Rainbow Rowell

Eleanor and Park

eleanor and park

Eleanor and Park By: Rainbow Rowell

Plot:

Eleanor… Red hair, wrong clothes. Standing behind him until he turns his head. Lying beside him until he wakes up. Making everyone else seem drabber and flatter and never good enough…Eleanor. Park… He knows she’ll love a song before he plays it for her. He laughs at her jokes before she ever gets to the punch line. There’s a place on his chest, just below his throat, that makes her want to keep promises…Park. Set over the course of one school year, this is the story of two star-crossed sixteen-year-olds—smart enough to know that first love almost never lasts, but brave and desperate enough to try.

Review:

Oh my god the feels. So many emotions. So many tears. This book was… so… I want to say incredible but that’s not the right word. I can’t think of the perfect word for this book. It wasn’t a roller coaster of emotion it was pretty much nonstop tears for me.

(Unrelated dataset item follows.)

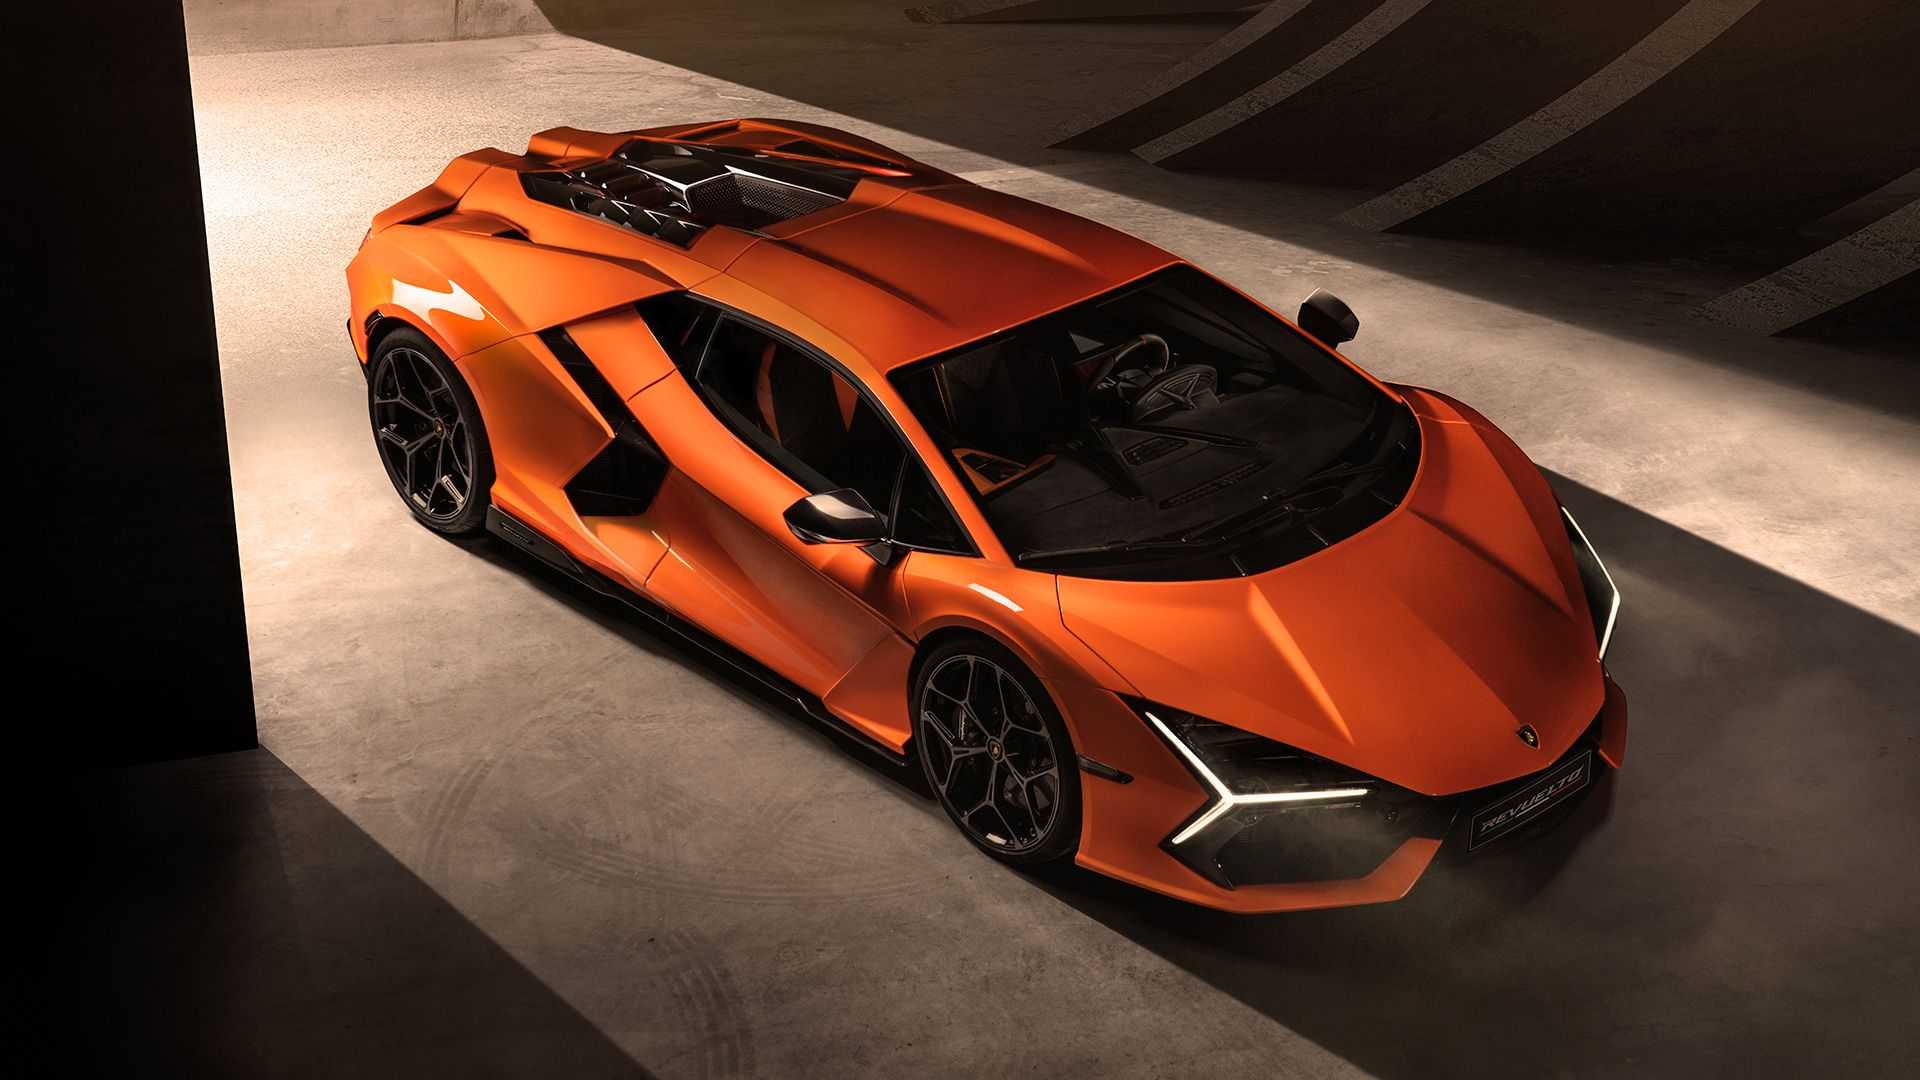 Ra mắt Lamborghini Revuelto thế chỗ Aventador: Siêu xe mạnh nhất lịch sử hãng nhưng đi phố chỉ ngang cơ Civic - ảnh 14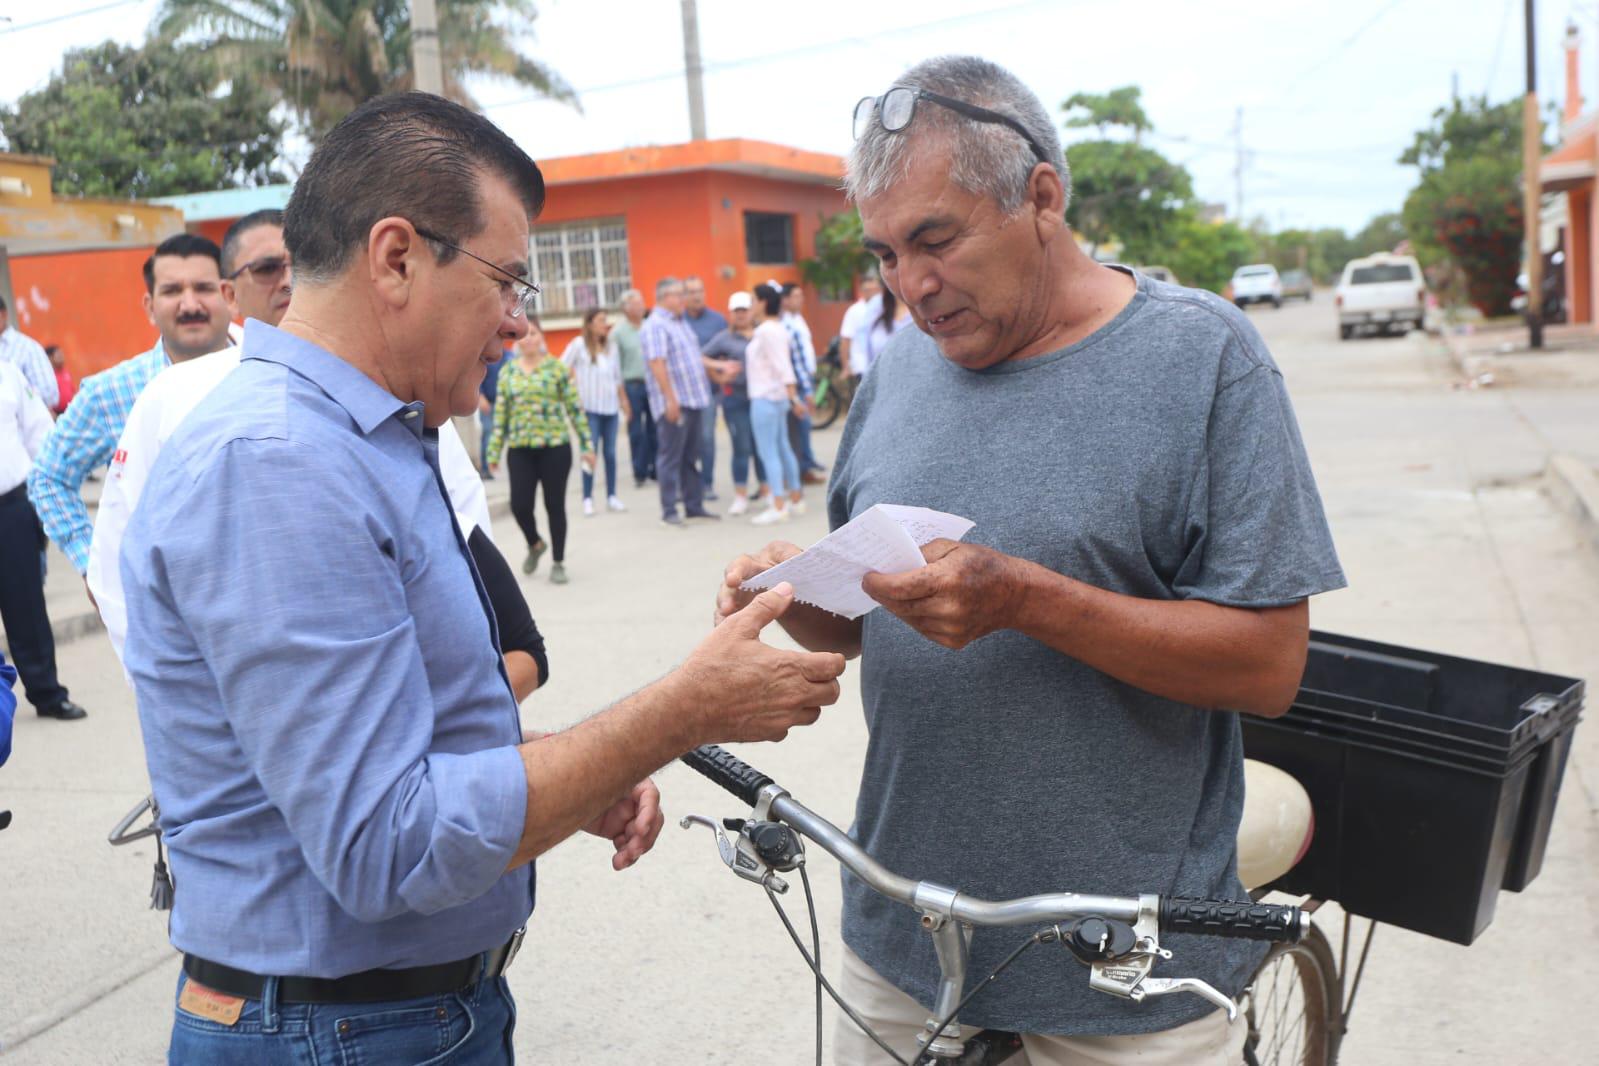 $!Piden a Alcalde certeza jurídica de predios en Colonia Rafael Buelna

I guessed who was writing the notes on her books fairly quickly but there were enough red herrings to make me question myself.

Rowell creates characters that are just real enough. They have their quirks and you can almost believe that they really exist but they’re just too awesome. If I was ever in a room with her characters I would be too awestruck by their collective awesome to say anything.

Maybe I just judge people to harshly and people like this really exist, but I don’t think so, at least not in my world. Awesome book, must buy.

5/5

Fangirl

fangirl

Fangirl By: Rainbow Rowell

Plot:

Cath is a Simon Snow fan. Okay, the whole world is a Simon Snow fan… But for Cath, being a fan is her life—and she’s really good at it. She and her twin sister, Wren, ensconced themselves in the Simon Snow series when they were just kids; it’s what got them through their mother leaving. Reading. Rereading. Hanging out in Simon Snow forums, writing Simon Snow fan fiction, dressing up like the characters for every movie premiere. Cath’s sister has mostly grown away from fandom, but Cath can’t let go. She doesn’t want to. Now that they’re going to college, Wren has told Cath she doesn’t want to be roommates. Cath is on her own, completely outside of her comfort zone. She’s got a surly roommate with a charming, always-around boyfriend, a fiction-writing professor who thinks fan fiction is the end of the civilized world, a handsome classmate who only wants to talk about words… And she can’t stop worrying about her dad, who’s loving and fragile and has never really been alone. For Cath, the question is: Can she do this? Can she make it without Wren holding her hand? Is she ready to start living her own life? Writing her own stories? And does she even want to move on if it means leaving Simon Snow behind?
Review:

I love Rainbow Rowell. I like to think if I ever met her we’d be friends.

*sigh*

Creepiness over.

Rowell creates great characters. People I understand and like to think I’d get along with. The people she writes are people I wish I met in real life. Maybe I’m just not getting out enough. Probably.

Fangirl could have easily been about me at that age. Well except for the twin sister, and the horrible mom, and the whole writing fanfiction. Cath is like an uber introvert and that’s how I was, or really wanted to be but I forced myself to leave more than she did. Of course I wasn’t an emotional wreck like Cath was, I guess that’s why my life isn’t a novel.

Oh well.

Awesome book, horrible review, this happens when I love a book/movie/tv show too much.